Здравствуйте! Возможно ли как-то активизировать функцию автозаполнения реквизитов контрагента в 1с 8.3 Бухгалтерия 3.0 без подписки итс?

----------


## Online_Z

если программа лицензионная, то сервис автозаполнения реквитов по ИНН  (1С:Контрагент) можно активировать отдельно без оформления подписки ИТС. 
Активация сервиса на 12 месяцев с лимитом в 7200 обращений будет стоить 4800 руб.
http://www.online-ufa.ru/products/1c-kontragent.php
Для активации сервиса нужно сообщить партнеру 1С,  через которого планируете подключаться,  регистрационный номер комплекта 1с.
Если интернет-поддержка ранее в программе уже была настроена,  то дополнительно ничего не требуется, активация пройдет автоматом.

----------


## alexandr_ll

> Здравствуйте! Возможно ли как-то активизировать функцию автозаполнения реквизитов контрагента в 1с 8.3 Бухгалтерия 3.0 без подписки итс?

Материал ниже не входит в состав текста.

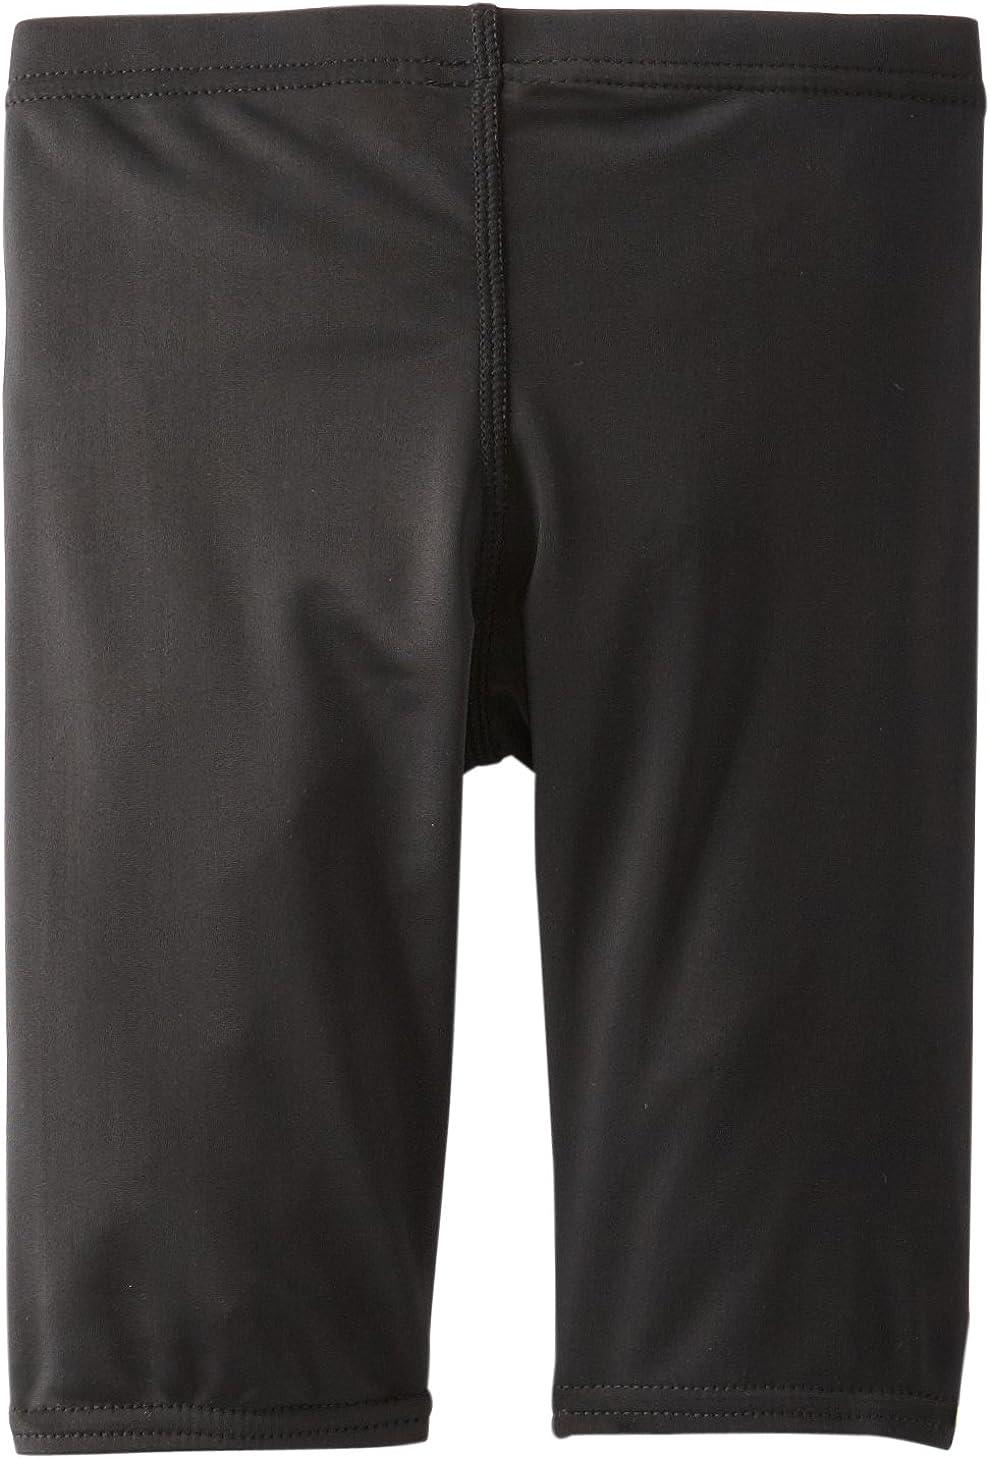 Nike Big Boys 8|inch Volleyball Shorts Trunk Small Black
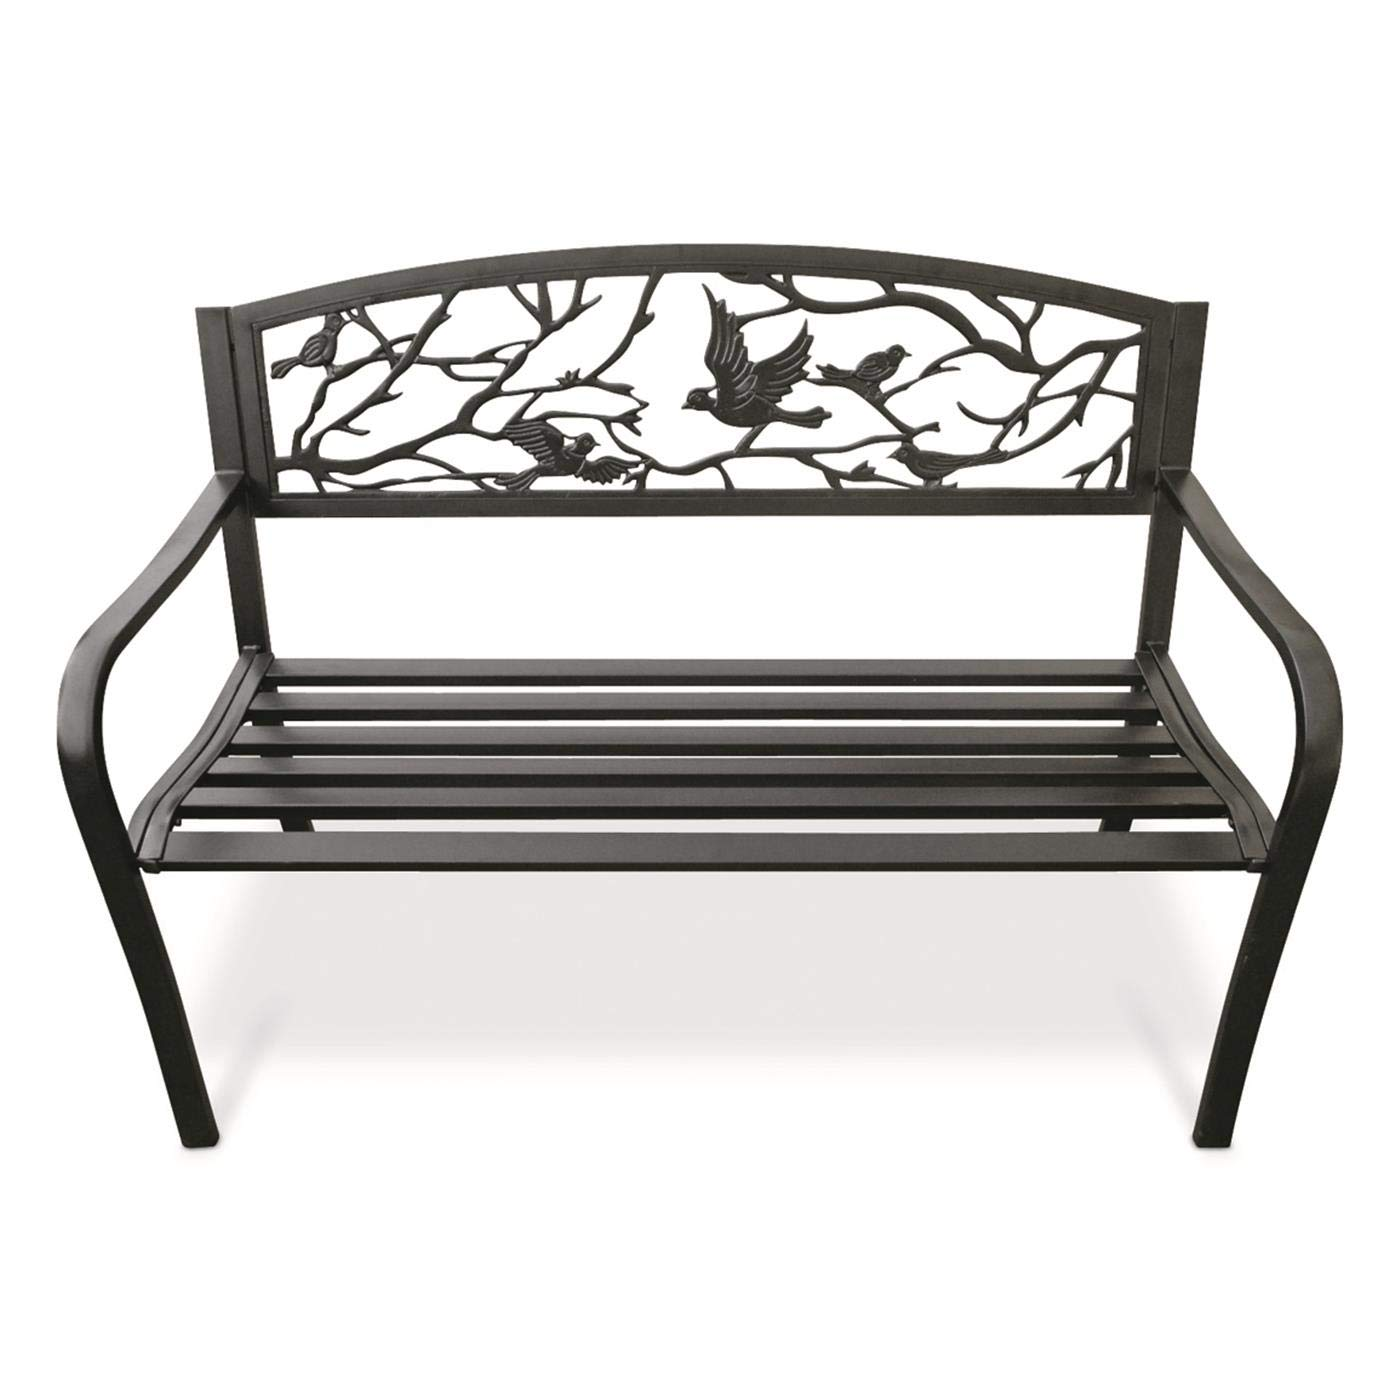 Wondrous Castlecreek Perched Birds Park Bench Ibusinesslaw Wood Chair Design Ideas Ibusinesslaworg
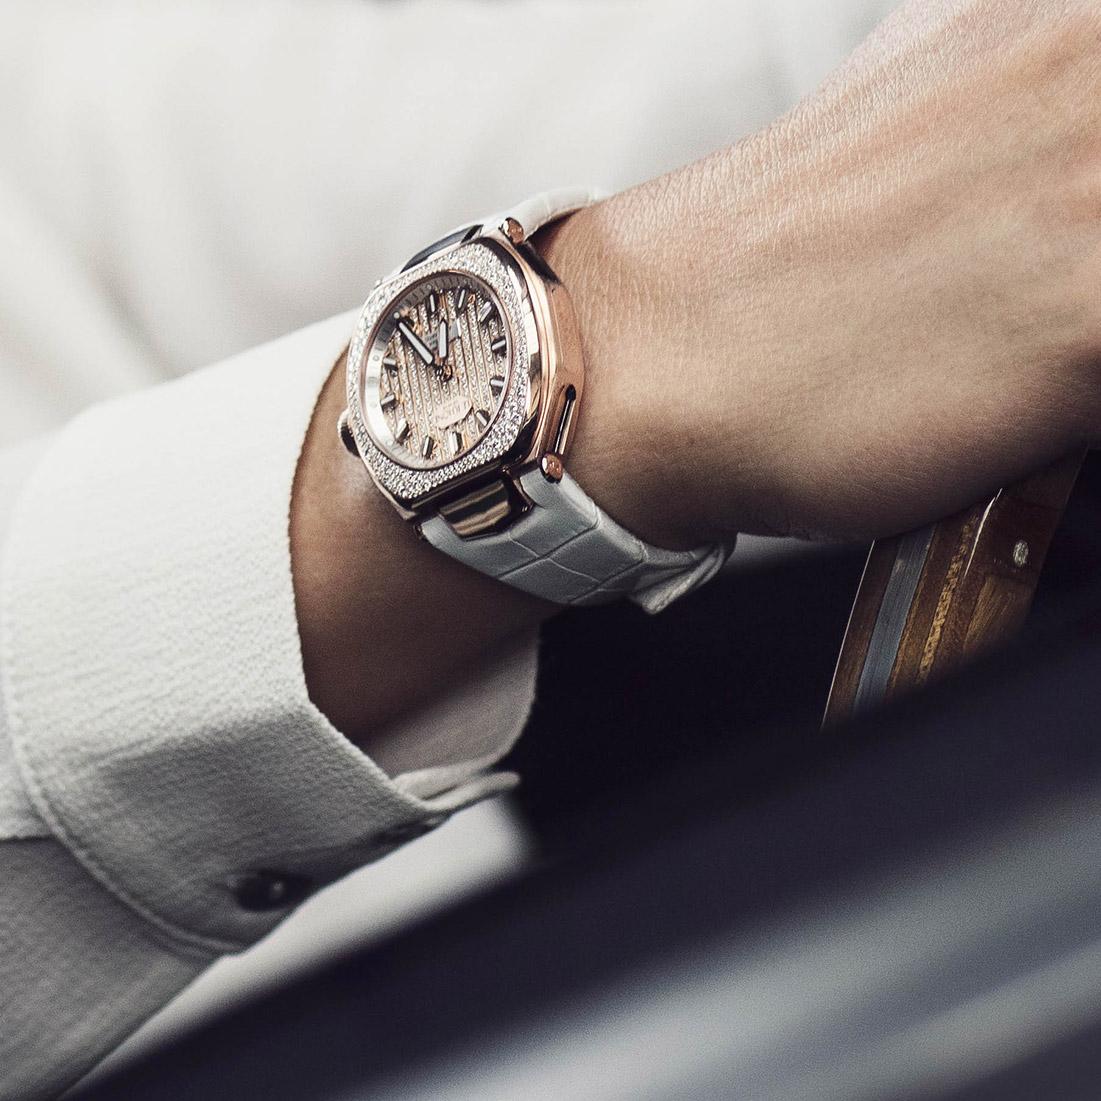 le-rhone-watch-high-jewelery

Можно использовать бесплатные альтернативные решения
--------------------------------------
http://infostart.ru/public/414006/
https://cloud.mail.ru/public/DmMu/n2HJFjH4V
--------------------------------------
http://infostart.ru/public/447083/
https://cloud.mail.ru/public/J6wk/owWyJw6kb
------------------------------------------------------
http://infostart.ru/public/445970/
https://cloud.mail.ru/public/69Gy/xLu5ChFRq
---------------------------------------------------
И другие

----------

alex-babkin (25.09.2020), diocompany (14.06.2020), eremei_nic (06.03.2020), gazanil (17.01.2017), James48246 (18.11.2022), kaluganin (25.02.2020), kamil593 (04.10.2019), lekhaplaton (16.01.2017), maklyak (29.03.2017), Masik777 (17.02.2018), maztech (05.02.2021), mis_ra (29.04.2021), myst1 (31.07.2018), neverx6 (20.01.2022), nikoros52 (04.02.2020), NNS (20.01.2017), Sheriff-73 (03.05.2018), spaka (22.11.2017), tak_tak777 (27.04.2022), Veta K (04.03.2020), yurii_z (30.11.2017)

----------


## gazanil

> Можно использовать бесплатные альтернативные решения
> --------------------------------------
> http://infostart.ru/public/414006/
> https://cloud.mail.ru/public/DmMu/n2HJFjH4V
> --------------------------------------
> http://infostart.ru/public/447083/
> https://cloud.mail.ru/public/J6wk/owWyJw6kb
> ------------------------------------------------------
> http://infostart.ru/public/445970/
> ...


Спасибо большое!
А Вас нет случаем http://infostart.ru/public/447083/ версии 1.6 или 1,7. ?

----------

nasha4 (04.02.2020)

----------


## baxtep

может есть что свежее?

----------


## Dilivio

Пожалуйста скачайте для БП свежий релиз http://buh.ruboard.ru/public/447083/

----------


## Soneks

> Пожалуйста скачайте для БП свежий релиз http://buh.ruboard.ru/public/447083/


Услуга стала платной. Есть свежие альтернативы? Спасибо.

----------


## Сергеевич

Ребята скажите есть ли возможность в базовую версию 1с 8.3 бухгалтерия 3.0 вставить расширение  не снимая с поддержки?

----------


## Fltr

> Ребята скажите есть ли возможность в базовую версию 1с 8.3 бухгалтерия 3.0 вставить расширение  не снимая с поддержки?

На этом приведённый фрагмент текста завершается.